# Trying to calculate the strength of a Bitcoin brain wallet created with a custom diceware password

I want to create a brain wallet using a custom diceware since I don't like the original one. Instead of 7776 words it has 46656 because I use 6 dice for each word instead of 5, and also it only has words with many characters.

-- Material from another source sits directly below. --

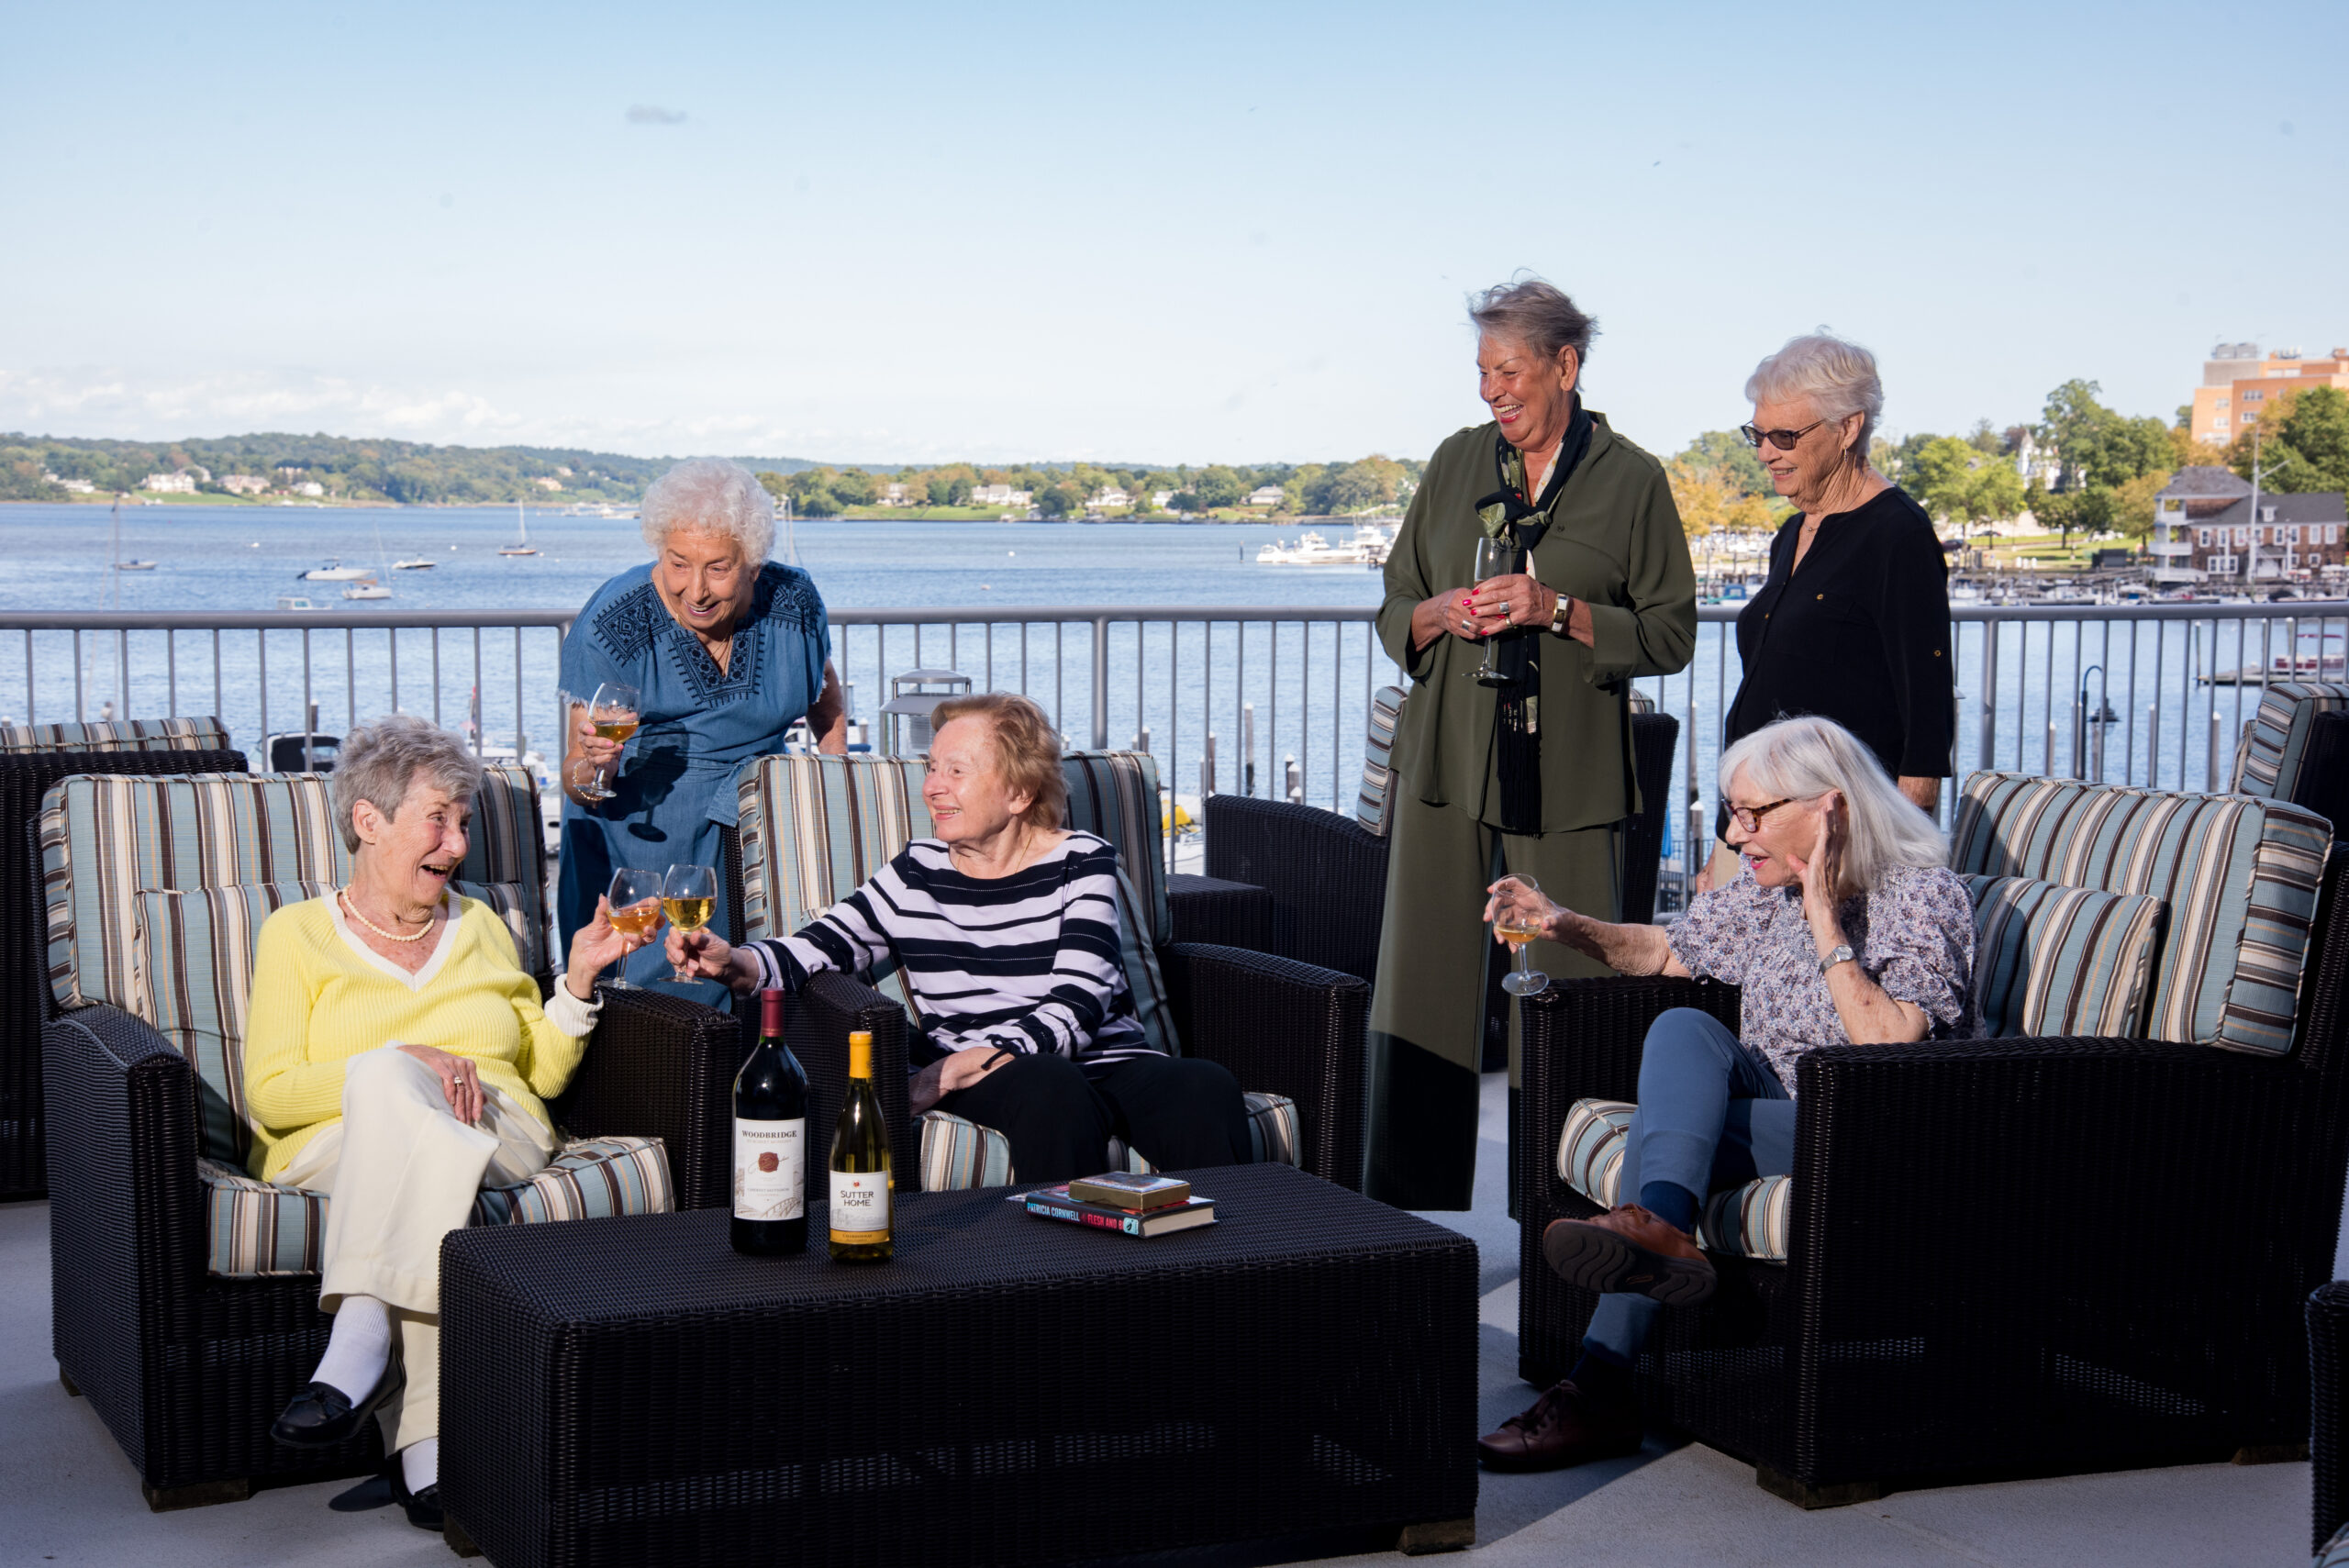 Group of residents enjoying drinks overlooking the Navesink River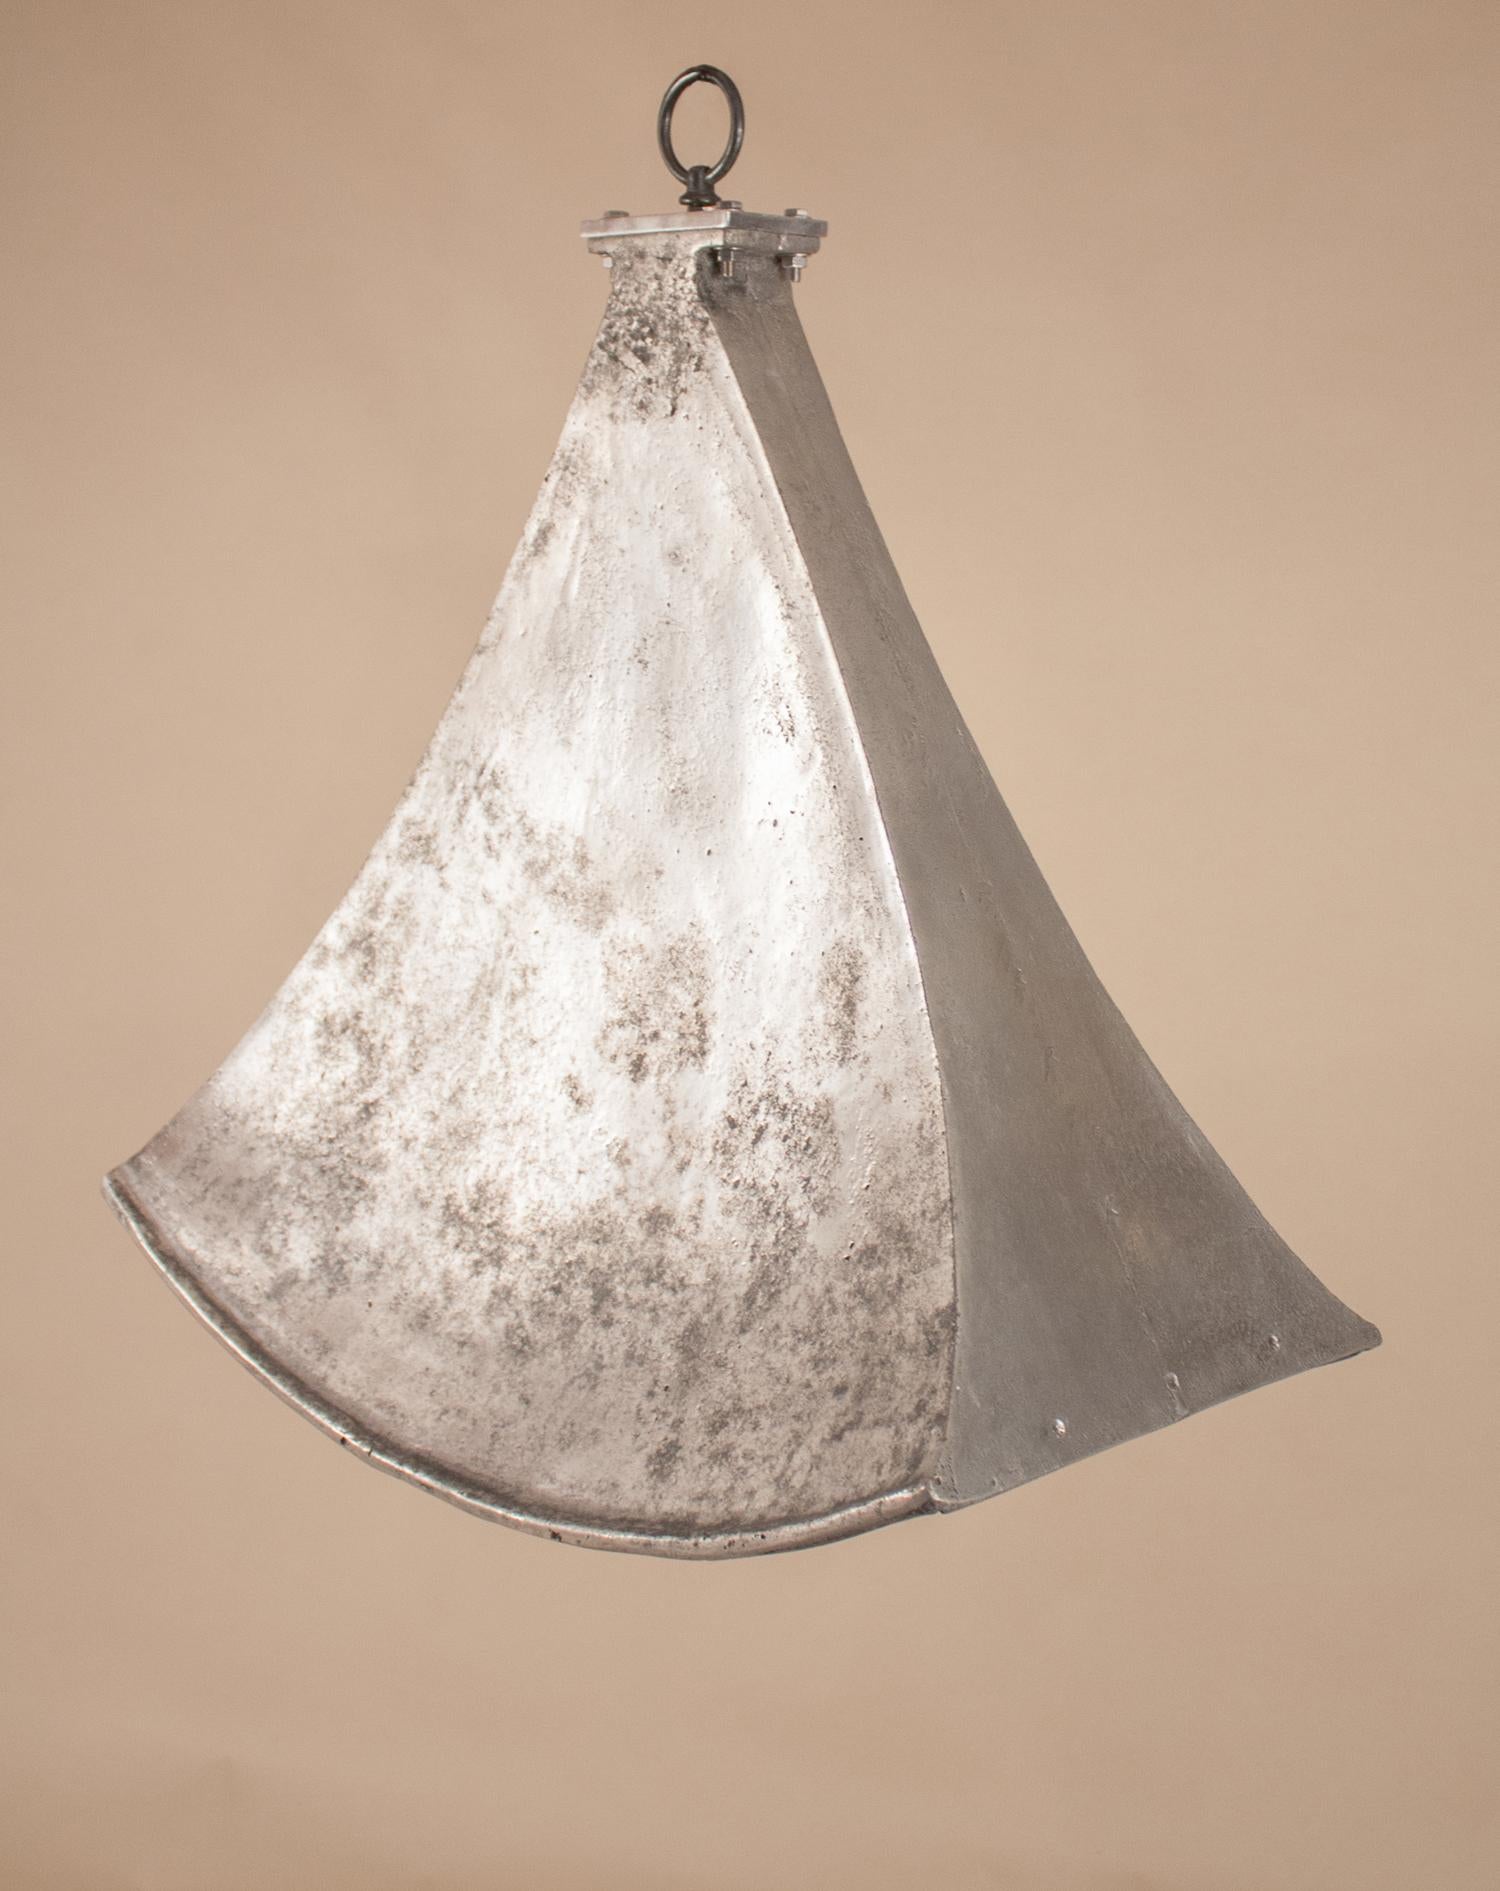 Vintage Aluminum Industrial Pendant Light In Good Condition For Sale In Heath, MA

So this is what I got so far, please tell me if I made a mistake:

$$\frac{2 ^ {\log_2(46656) · 5} }{ (1 · 10^{15}) · (60 · 60 · 24 · 365)} = 7 \text{ years}$$

• $2 ^ {\log_2(46656) · 5}$ is the entropy for a password of 5 words
• $1 · 10^{15}$ is 1 Phash/s, which is the hashing power I'm assuming for this attacker. I don't even know if this makes sense, because an attacker doesn't need to start over for each brain wallet he wants to crack, and also there might have been huge databases of precomputed sha256 hashes before Bitcoin even existed.
• $60 · 60 · 24 · 365$ represents a year in seconds.
• You calculated the attackers worst case duration ... average case is half of this. Mar 15 '14 at 20:50
• Also: the entropy is the base-2 log of the number of (assumed equiprobable) passwords, thus $\log_2(46656)\cdot5$, not $2^{\log_2(46656)\cdot5}$. You do not account for key stretching, which can help a lot in many contexts, perhaps this one. Using long words has no discernible advantage, if they are public, which the computation assumes.
– fgrieu
Feb 28 '16 at 20:50

You also mentioned precomputed hashes. For an attacker to precompute all of the given hashes (assuming 32 bytes per SHA256 hash), they would need to store $46656^5 * 32 \approx 7.07 * 10 ^ {24}$ bytes, amounting to 7.07 yottabytes. This is currently an unpractical amount of storage.